**Required work**
Everything from the line with "Ursus-Apartments-For-Rent-Warsaw.jpg" down to the line with "Reef Men's Twinpin Sandal, Grey, 11 M US" below must be printed exactly, those two lines included. Exclude pictures.

**Data for processing**
+++

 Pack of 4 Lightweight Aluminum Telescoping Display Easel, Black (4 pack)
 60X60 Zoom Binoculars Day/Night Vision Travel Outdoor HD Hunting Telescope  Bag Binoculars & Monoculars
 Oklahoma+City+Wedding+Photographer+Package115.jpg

+++

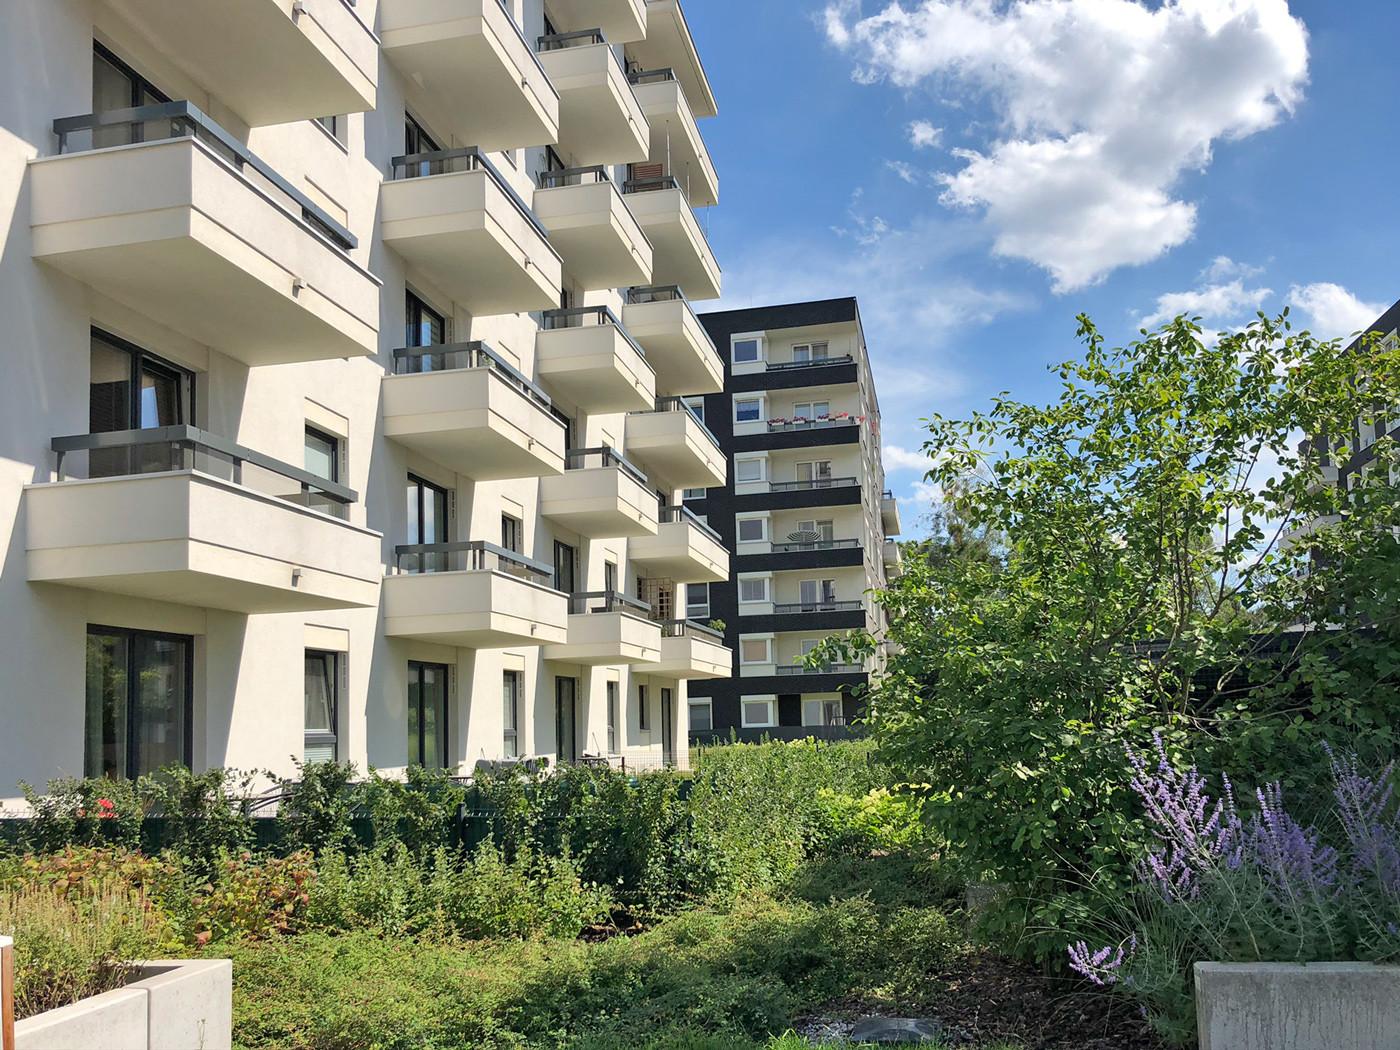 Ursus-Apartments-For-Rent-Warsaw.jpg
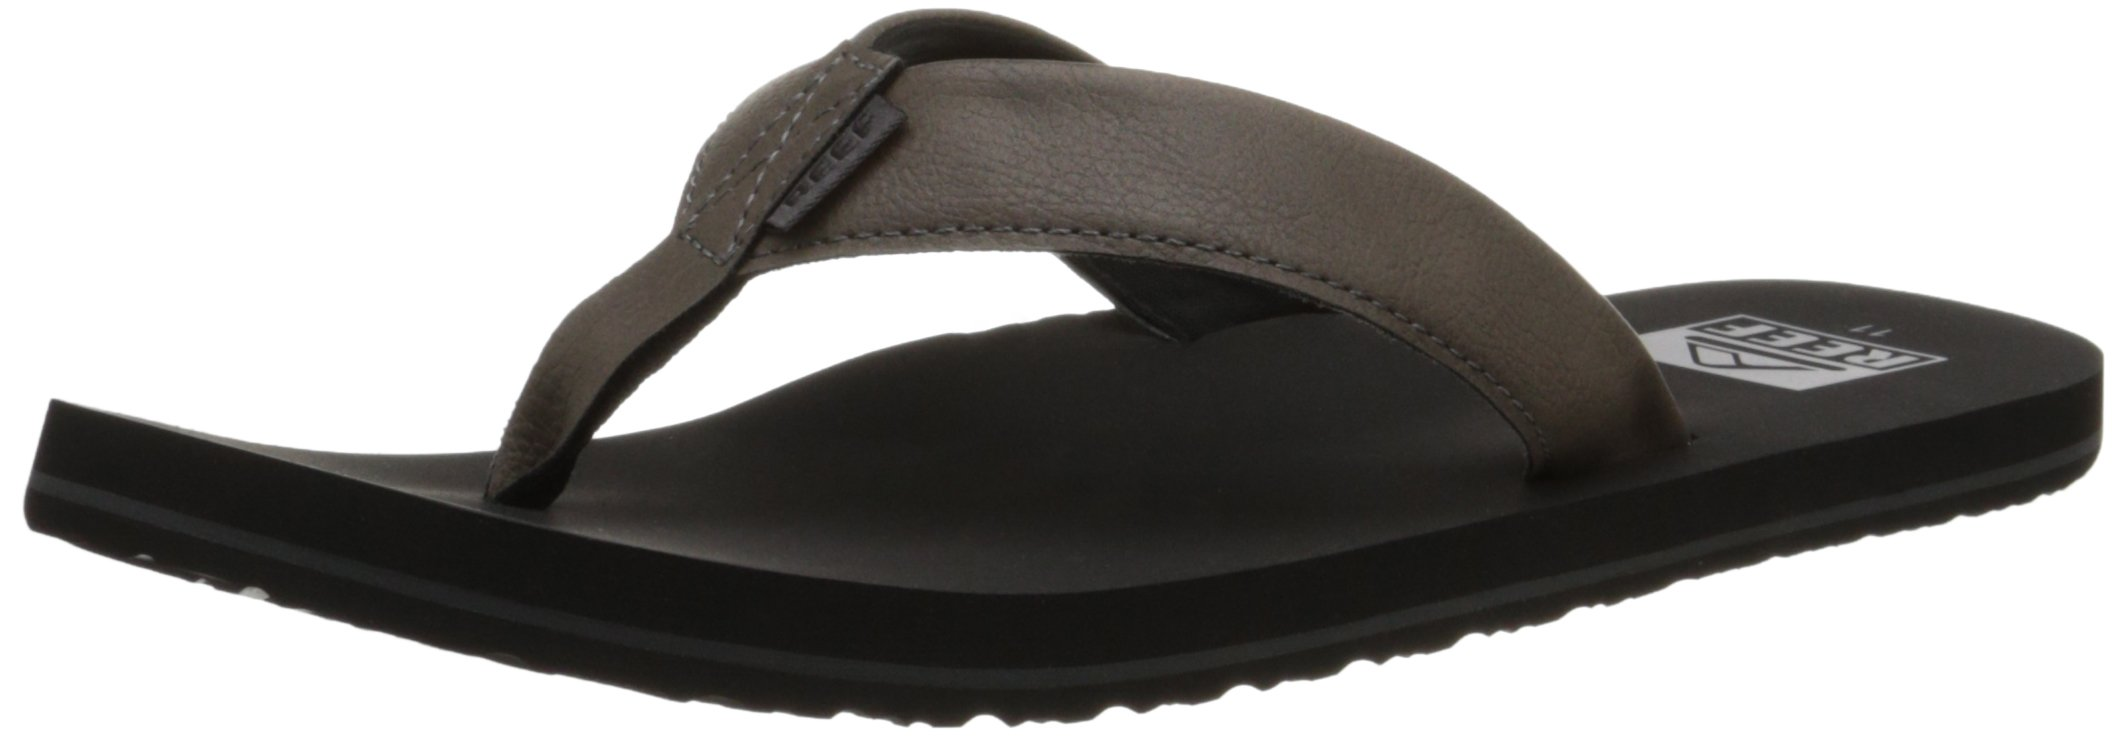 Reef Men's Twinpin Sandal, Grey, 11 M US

+++

**Solution to the problem**
 Ursus-Apartments-For-Rent-Warsaw.jpg
 Reef Men's Twinpin Sandal, Grey, 11 M US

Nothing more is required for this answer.